Celles et ceux qui auront lu l’article de Gustave Maroteau publié précédemment sur ce site se seront sans doute fait une idée de sa généalogie littéraire. Le coupable ne s’en cache pas.

Jules Vallès:

J’étais depuis longtemps un homme; il était encore presque un enfant, quoique la Mort parût déjà le viser et qu’elle eût d’avance bombé son front. Beaucoup de ceux qui doivent disparaître jeunes ont la tête ainsi agrandie, comme celle de ceux qu’elle a pour tout de bon touchés du doigt, et chez qui le moule de la pensée semble avoir grossi, alors que c’est fini pour tout jamais de penser!

C’est moi qui lui ouvris les portes du journalisme, et peut-être du bagne, — peut-être du cimetière.

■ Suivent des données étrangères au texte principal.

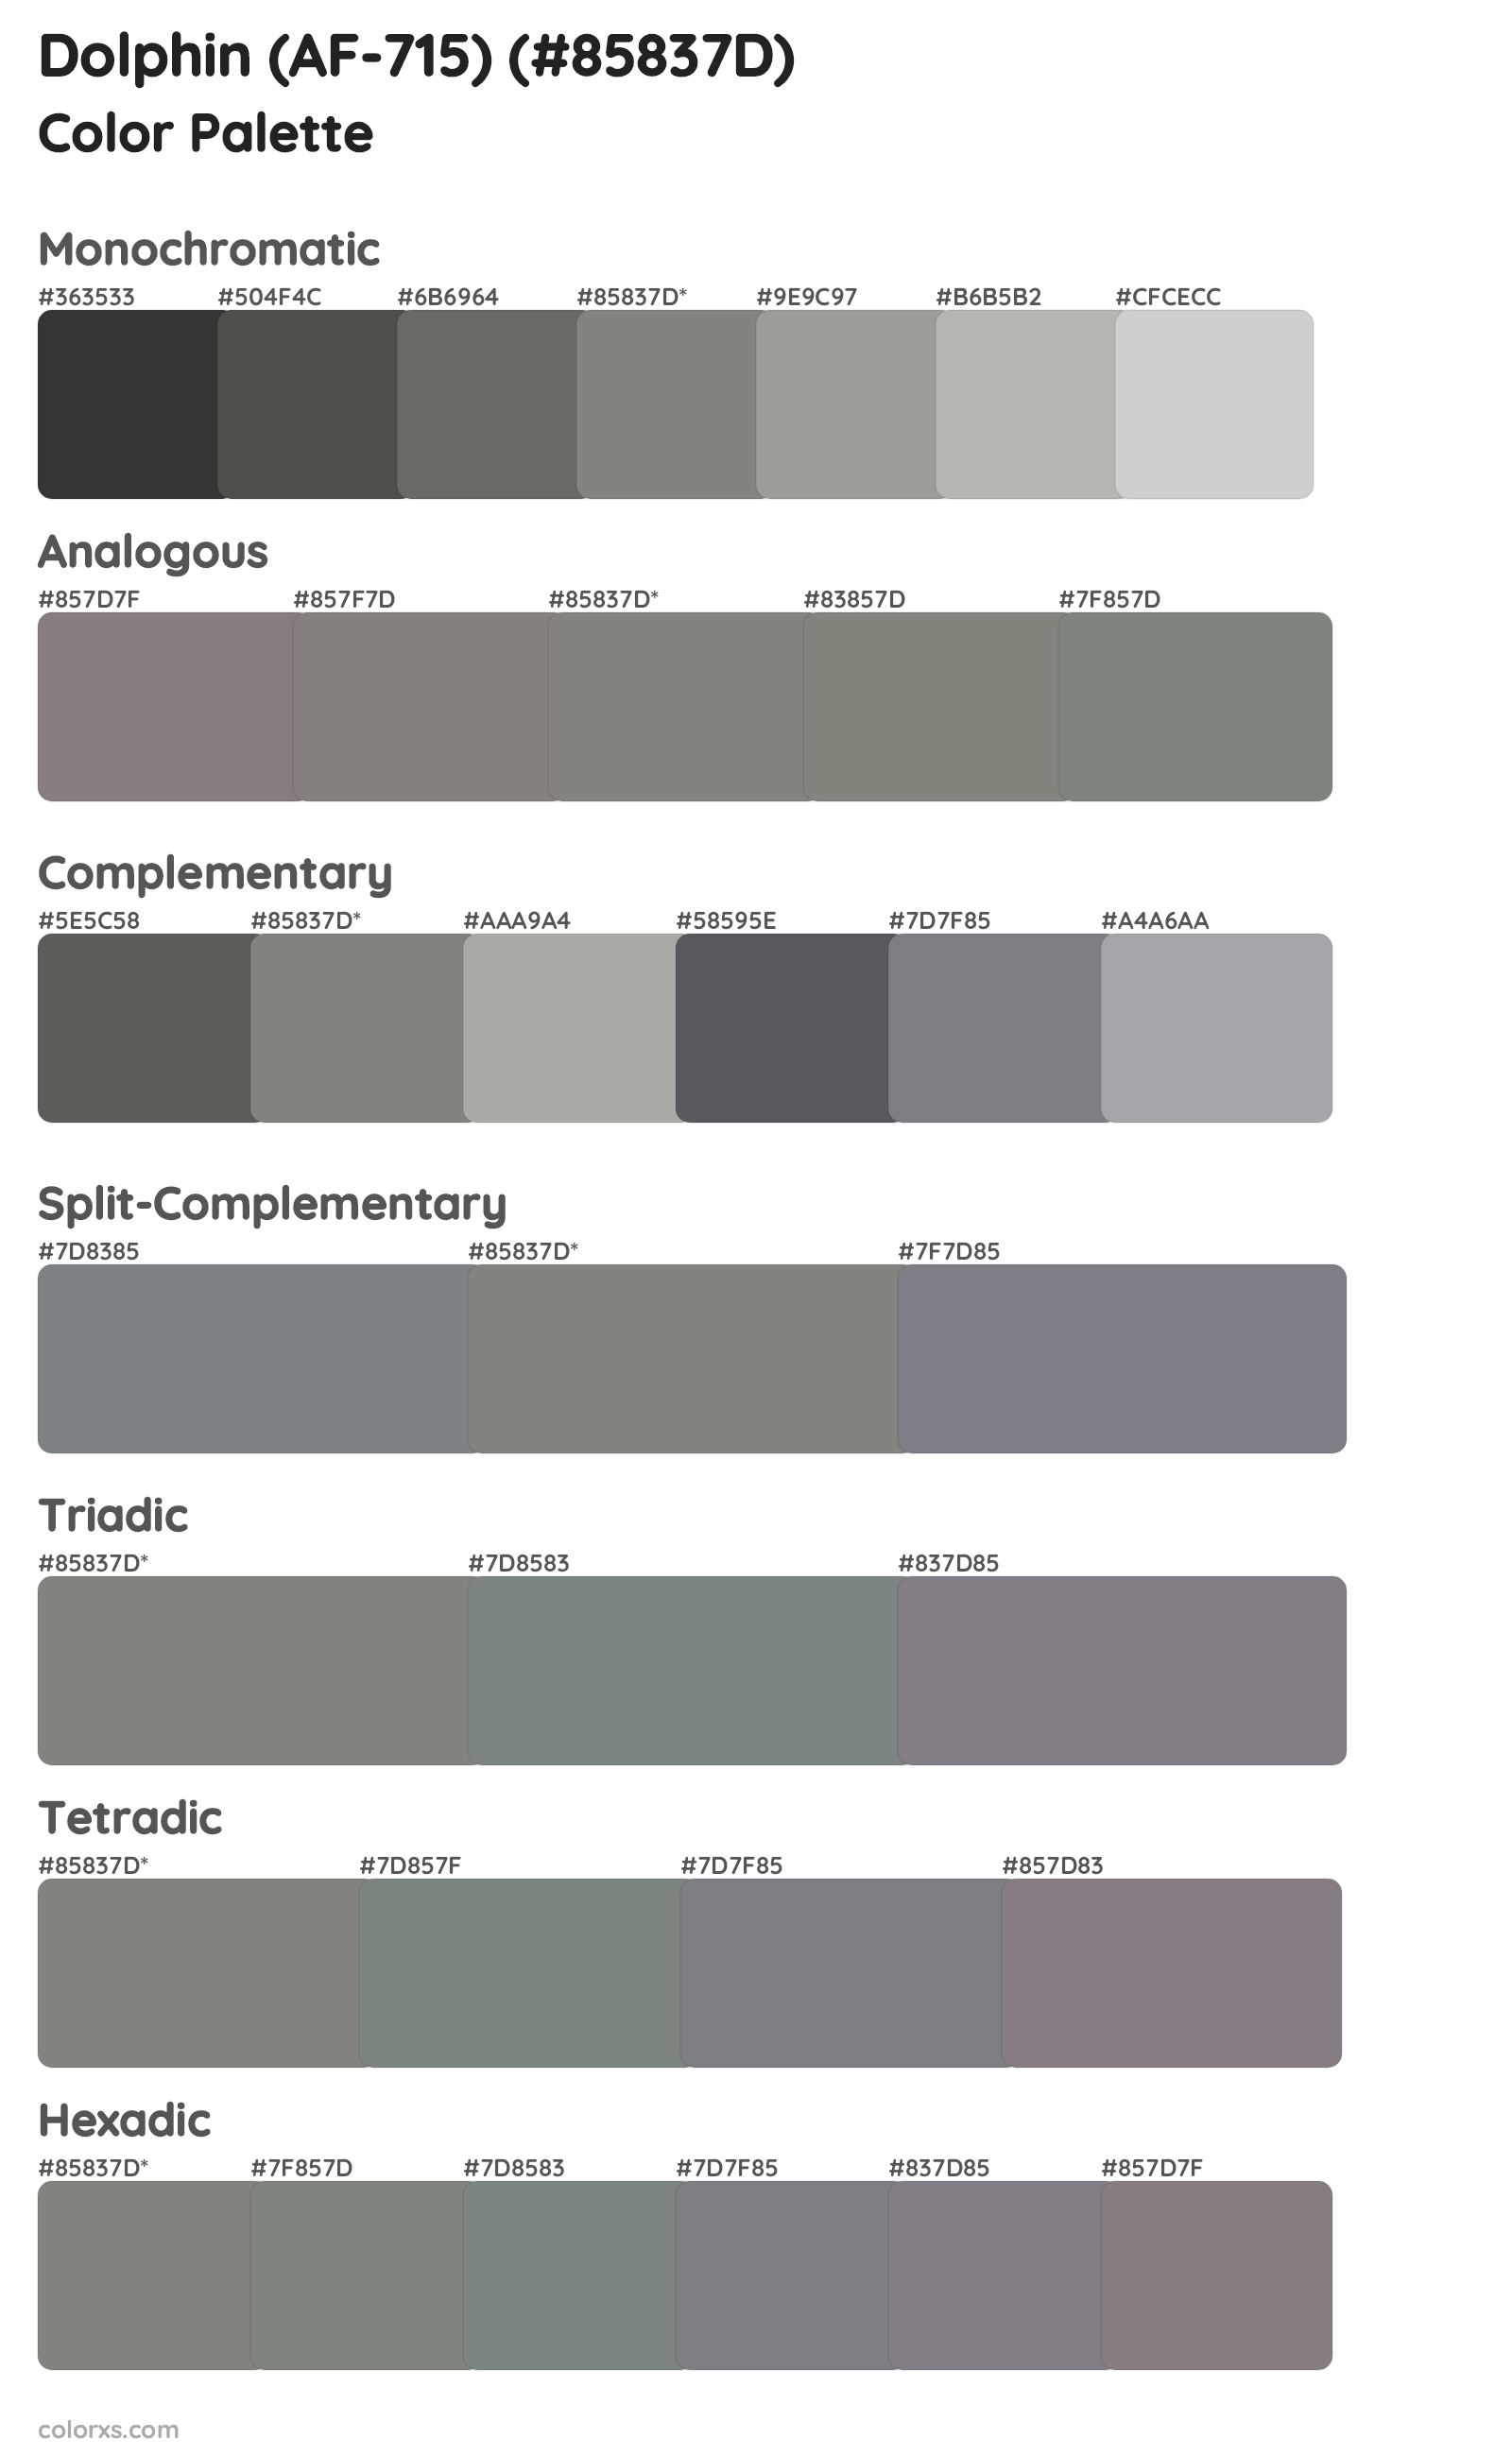 Dolphin (AF-715) Color Scheme Palettes

Je n’ai rien à me reprocher.

Il avait hésité à m’aborder, quoique Vermorel, un ami nouveau, quoique Ranc, un camarade ancien, lui eussent donné le mot de passe pour entrer dans mon coin de journal. Il n’y avait qu’à être inconnu et pauvre.

À la Rue que je dirigeais alors, on faisait attendre les heureux et les redoutables; — on introduisait d’abord les calomniés et les misérables. […]

Il eut tout de suite son lit de camp dans notre bivouac; il eut aussi un coin de tribune!

Mais avant de lui laisser inscrire son nom sur le registre des irréguliers, je lui montrai, je le jure, les dangers qui l’attendaient, — la misère, la calomnie, la haine, les blessures, la mort. Je dus lui parler du bagne.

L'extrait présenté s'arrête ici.